Prompt =
Take the entries below and reproduce exactly the portion that begins at the line containing "A golden maple" and ends at the line containing "Tsubame Industries zademonstrowało", keeping both ends, dropping pictures, and adding nothing else.

Information provided =

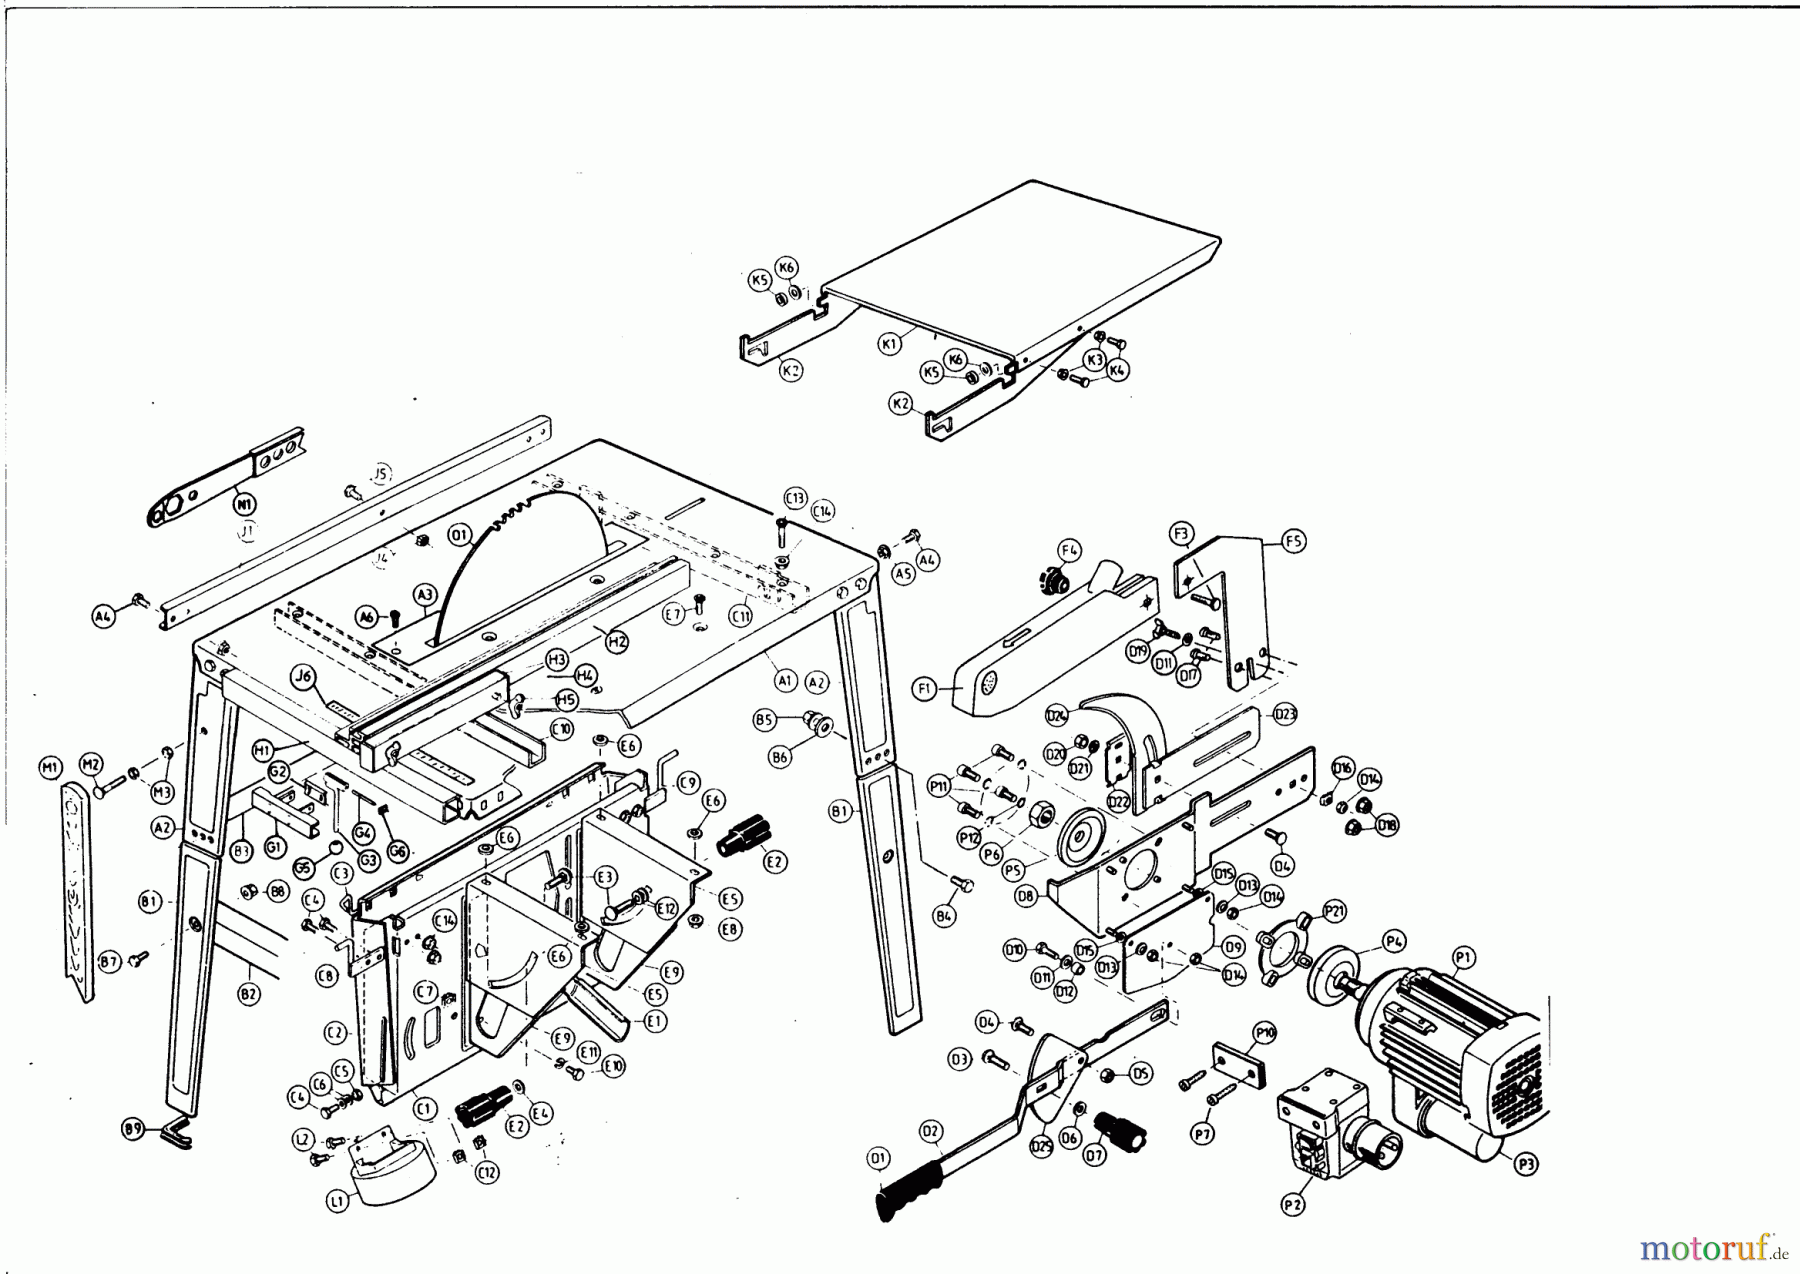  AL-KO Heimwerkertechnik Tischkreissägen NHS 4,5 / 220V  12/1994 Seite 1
...
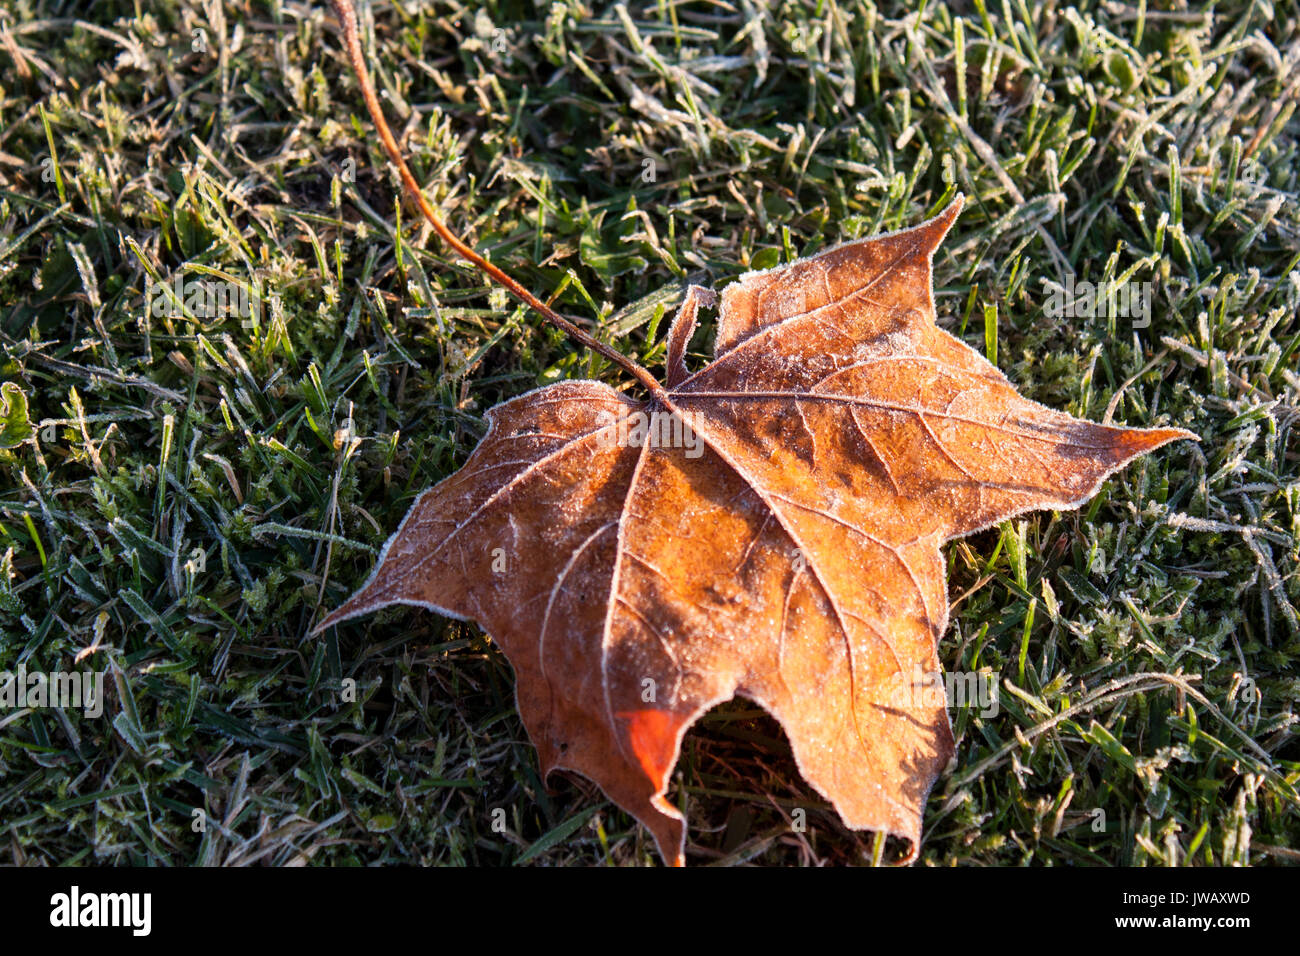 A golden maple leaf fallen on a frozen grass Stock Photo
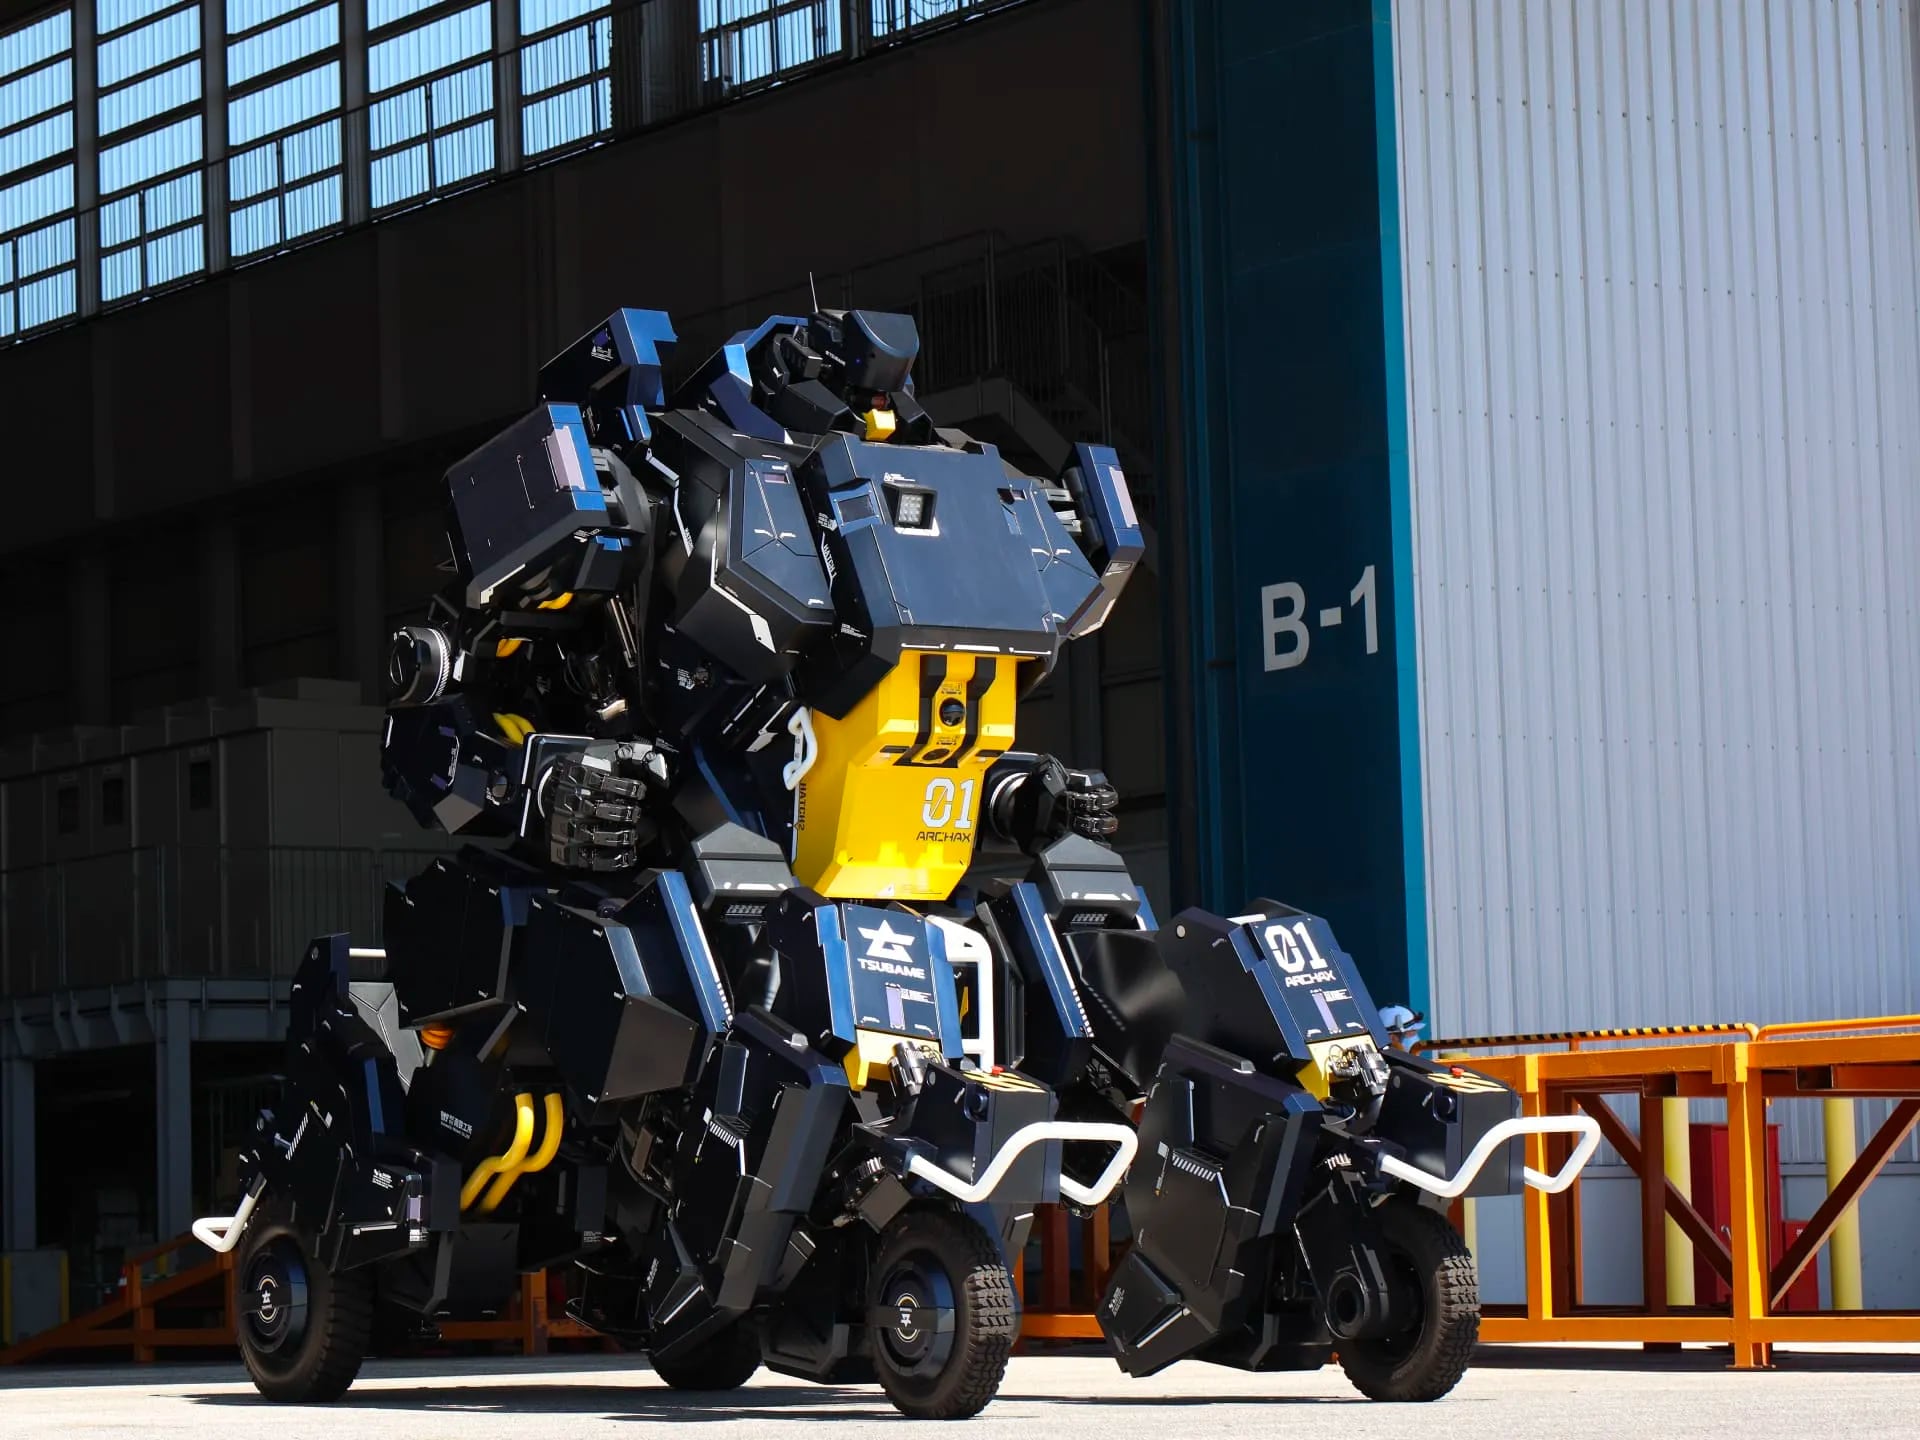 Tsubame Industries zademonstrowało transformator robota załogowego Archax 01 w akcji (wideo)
...
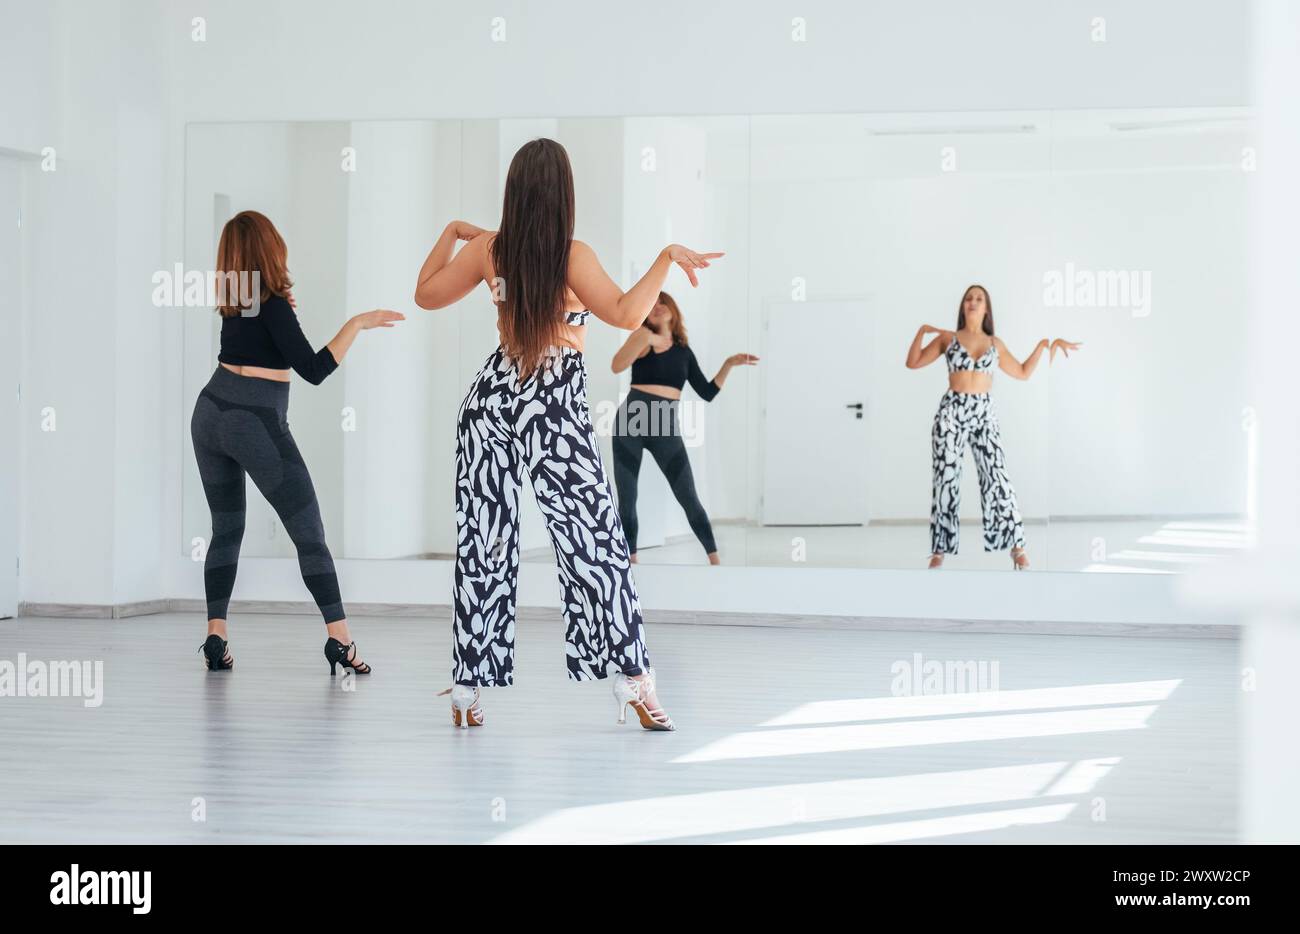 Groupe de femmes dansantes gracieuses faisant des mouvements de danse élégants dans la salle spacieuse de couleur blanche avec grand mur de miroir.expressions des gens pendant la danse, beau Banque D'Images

Finished task =
 A golden maple leaf fallen on a frozen grass Stock Photo
 Tsubame Industries zademonstrowało transformator robota załogowego Archax 01 w akcji (wideo)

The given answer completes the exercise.